O recente terremoto na Itália coincidiu com o Dia Mundial da Saúde, tornando mais expressivo o mote comemorativo escolhido pela Organização Mundial da Saúde para a data: a necessidade de que hospitais e unidades de saúde sejam concebidos e preparados para manterem-se seguros e funcionando em situações de emergência, sejam estas causadas por catástrofes naturais, por situações de conflito armado, ou por acidentes ecológicos e epidemias. Segundo a OMS, apenas os desastres naturais afetaram 211 milhões de pessoas em 2008, vindo a causar a morte de mais de 235 mil indivíduos.

Uma emergência implica naturalmente em um acréscimo de demanda sobre hospitais e postos de saúde, quando estes muitas vezes estão fisicamente danificados, em conseqüência direta do evento e de suas circunstâncias. Ao contrário do que se pode imaginar, muitas das mortes ocorrem não imediatamente ao desastre, mas nos dias subsequentes, em função de falhas no abastecimento de água, energia e alimentos, e pela deficiência ou ausência de cuidados médicos. Na verdade, o colapso funcional após uma catástrofe muitas vezes é maior que o dano físico por ela imposto, e suas conseqüências para a população podem ser também de magnitude comparável àquela, devida ao evento, propriamente.

Em 1985, a erupção do vulcão Nevado del Ruiz, na Colômbia, matou cerca de 25 mil pessoas; o maremoto de 2004 no Oceano Índico deixou 230 mil mortos em onze países. Pode-se imaginar a desorganização causada aos serviços médicos pelo súbito e enorme acúmulo de pacientes, muitos deles em estado crítico. Mais difícil é aquilatar-se o grau de desmantelamento da rede de saúde: no terremoto ocorrido na cidade peruana de Pisco, em 2007, 95% dos leitos hospitalares da cidade foram perdidos em minutos. E, em outro contexto: nas três semanas que durou o último conflito na Faixa de Gaza, 25 profissionais de saúde foram feridos, e outros 16 morreram – em serviço. Além disto, 15 hospitais, 41 postos de saúde e 29 ambulâncias sofreram danos de monta.

Mas, o Brasil é abençoado por Deus, bonito por natureza, e catástrofes naturais e situações de conflito e violência não ocorrem aqui. Ou ocorrem? As enchentes do último verão afetaram mais de 1,5 milhões de pessoas em Santa Catarina, com 80 mil desabrigados e 114 mortos. No Estado do Rio, o hospital São José do Avaí, referência em Itaperuna, no noroeste do estado e em áreas de Minas Gerais e Espírito Santo foi invadido pelas águas do rio Muriaé, e os três hospitais de Pádua foram temporariamente fechados, obrigando à transferência de seus pacientes para unidades em outros municípios.
 Um hospital seguro é aquele que, em uma situação de emergência, tem seus serviços assistenciais plenamente acessíveis e atuando em sua capacidade máxima, dentro de sua estrutura física original. Portanto, é aquele que goza do maior nível de proteção possível em face de um desastre (natural ou não), e cujas rotas e vias de acesso permanecem livres e desimpedidas, com seus serviços críticos (água, alimentação, energia, comunicações, medicamentos, serviços de diagnóstico e outros) em pleno funcionamento, garantindo não apenas a continuidade dos serviços anteriormente exigidos, mas a absorção adequada da demanda acrescida pela emergência.
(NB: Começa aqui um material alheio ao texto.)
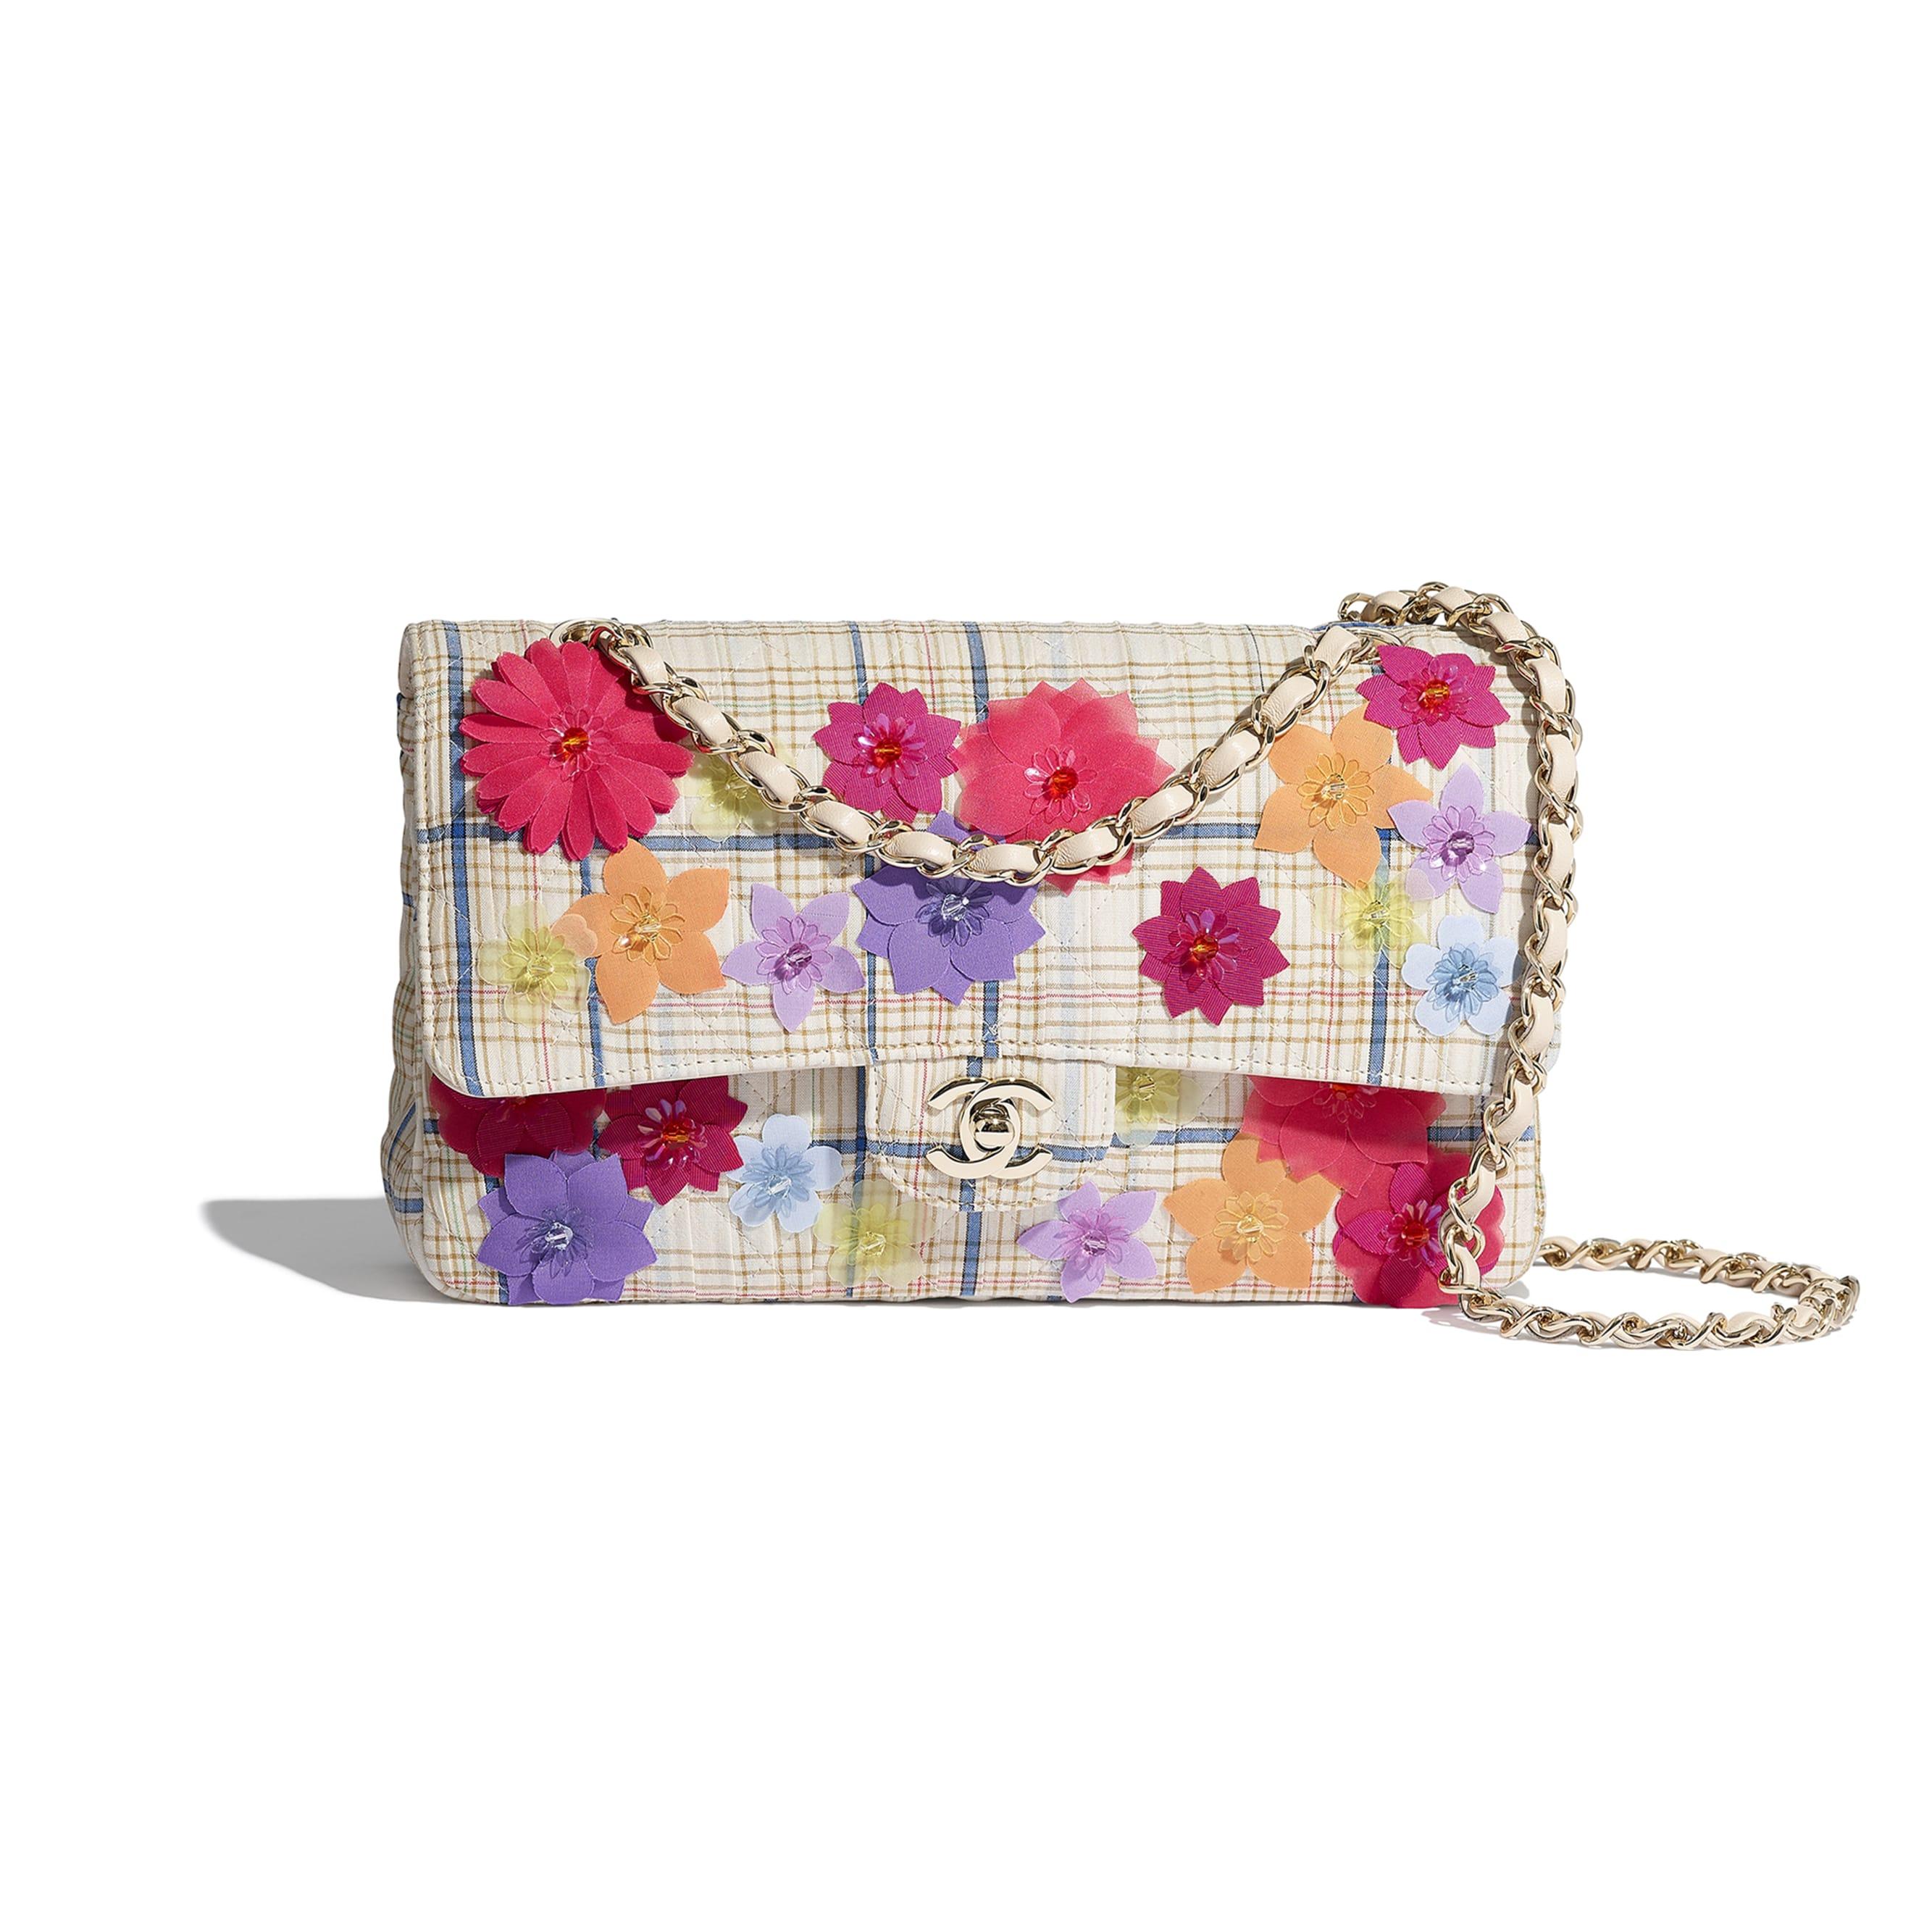 Classic Handbag - Ecru, Blue & Yellow - Cotton, Silk, Calfskin & Gold-Tone Metal - CHANEL - Default view - see standard sized version

A ausência de erupções, terremotos e maremotos não podem nos induzir a uma falsa sensação de segurança, como os exemplos do último verão, acima, nos mostram. Além disto, as lições do verão de 2007-2008 não podem ser esquecidas: todos se lembram da desorganização dos serviços durante a epidemia de dengue hemorrágico, e da enorme e injustificada demora na resposta das autoridades de saúde, quer no reconhecimento da emergência, quer no reforço então exigido pela rede assistencial. Sem medo de errar, pode-se afirmar que poucas unidades de saúde no Brasil – públicas ou privadas – se encontram dentro do conceito moderno de hospital seguro.

E cabe perguntar: as UPA estão sendo edificadas dentro desses princípios, propostos pela OMS e pela Organização Panamericana da Saúde?